Take the data below and extract the lines from the one with "Best Bayonetta 2" to the one with "Buffy l'Ammazzavampiri: Presto", inclusive, exactly as written.

## Provided entries
# # # # #

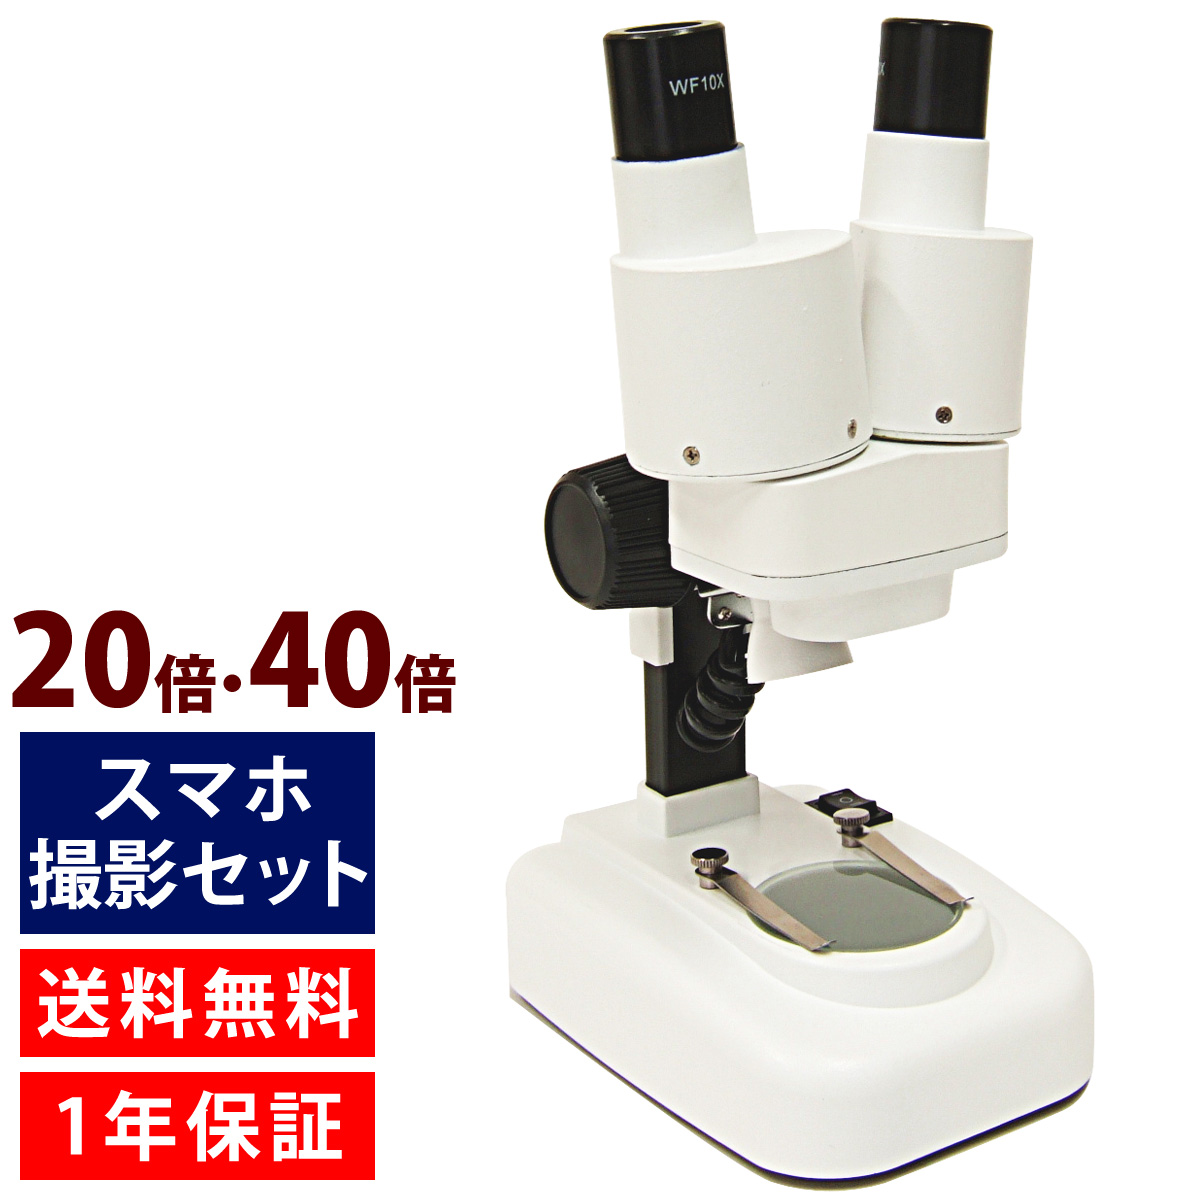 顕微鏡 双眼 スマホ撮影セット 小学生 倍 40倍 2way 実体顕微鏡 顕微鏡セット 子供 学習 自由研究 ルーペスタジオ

# # # # #

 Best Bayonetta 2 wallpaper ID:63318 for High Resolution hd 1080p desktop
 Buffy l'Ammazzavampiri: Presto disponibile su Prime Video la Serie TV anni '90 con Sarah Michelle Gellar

# # # # #

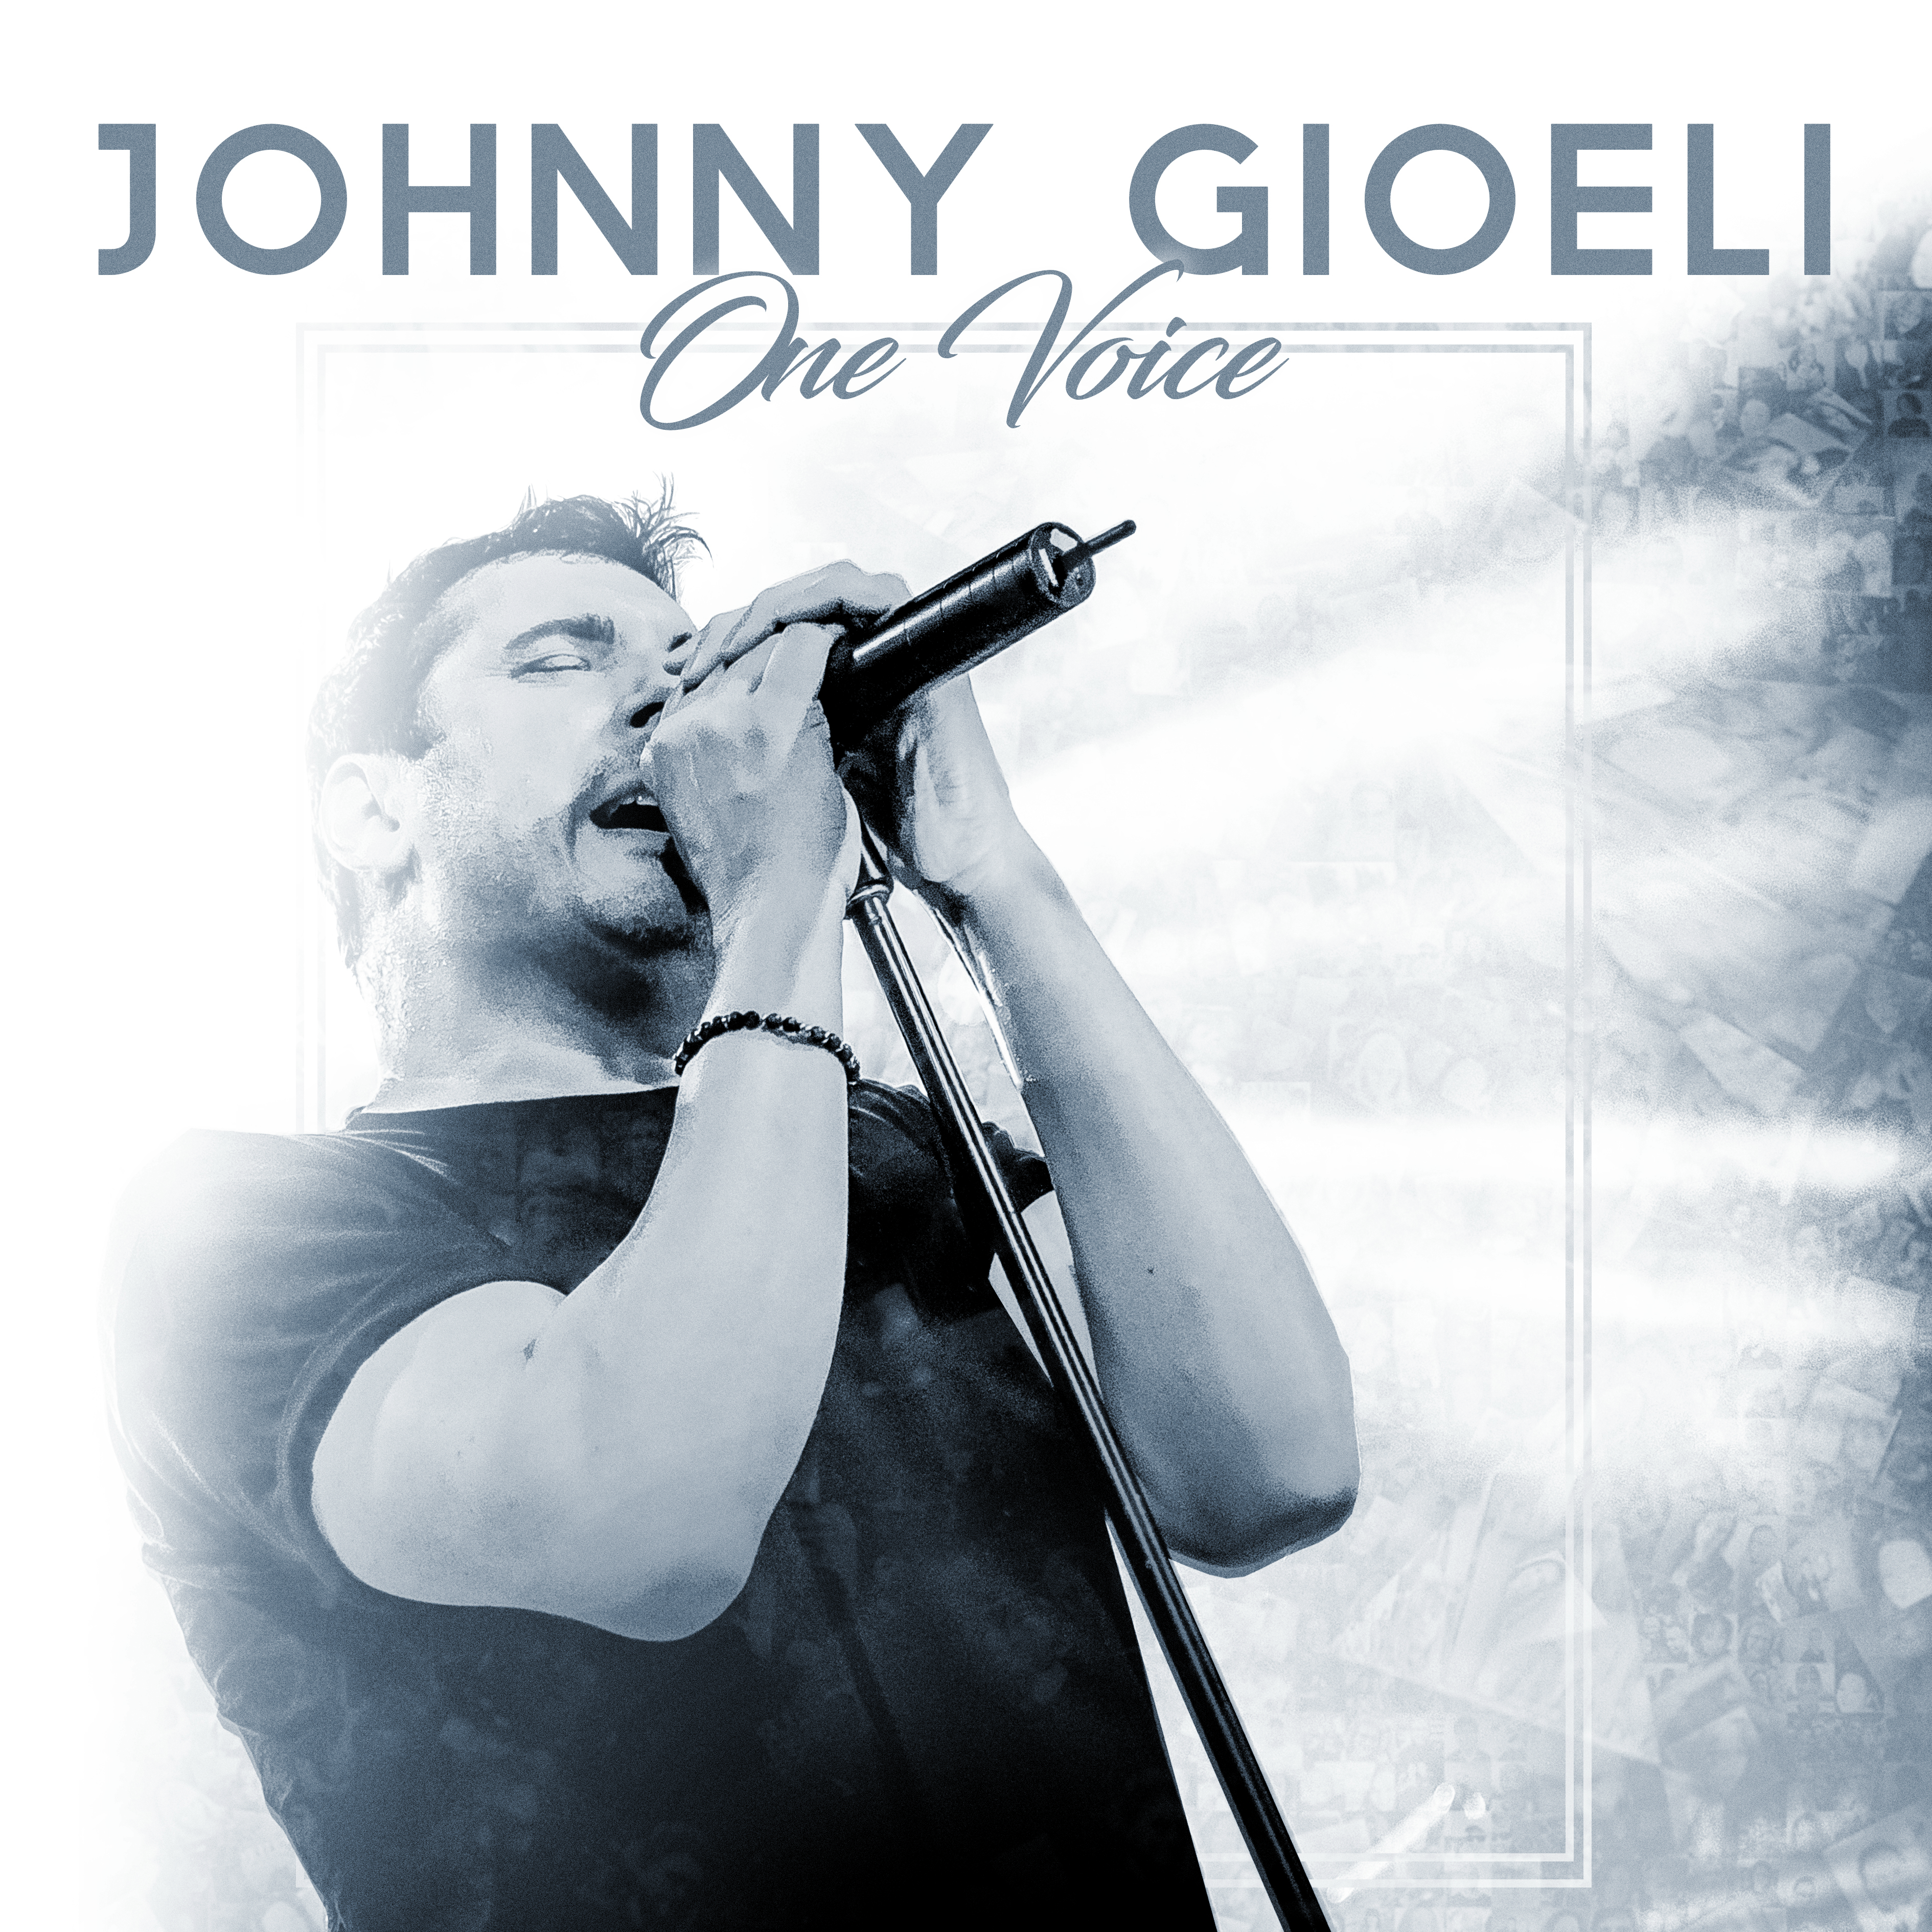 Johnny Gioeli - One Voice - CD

# # # # #

## Your response
 Best Bayonetta 2 wallpaper ID:63318 for High Resolution hd 1080p desktop
 Buffy l'Ammazzavampiri: Presto disponibile su Prime Video la Serie TV anni '90 con Sarah Michelle Gellar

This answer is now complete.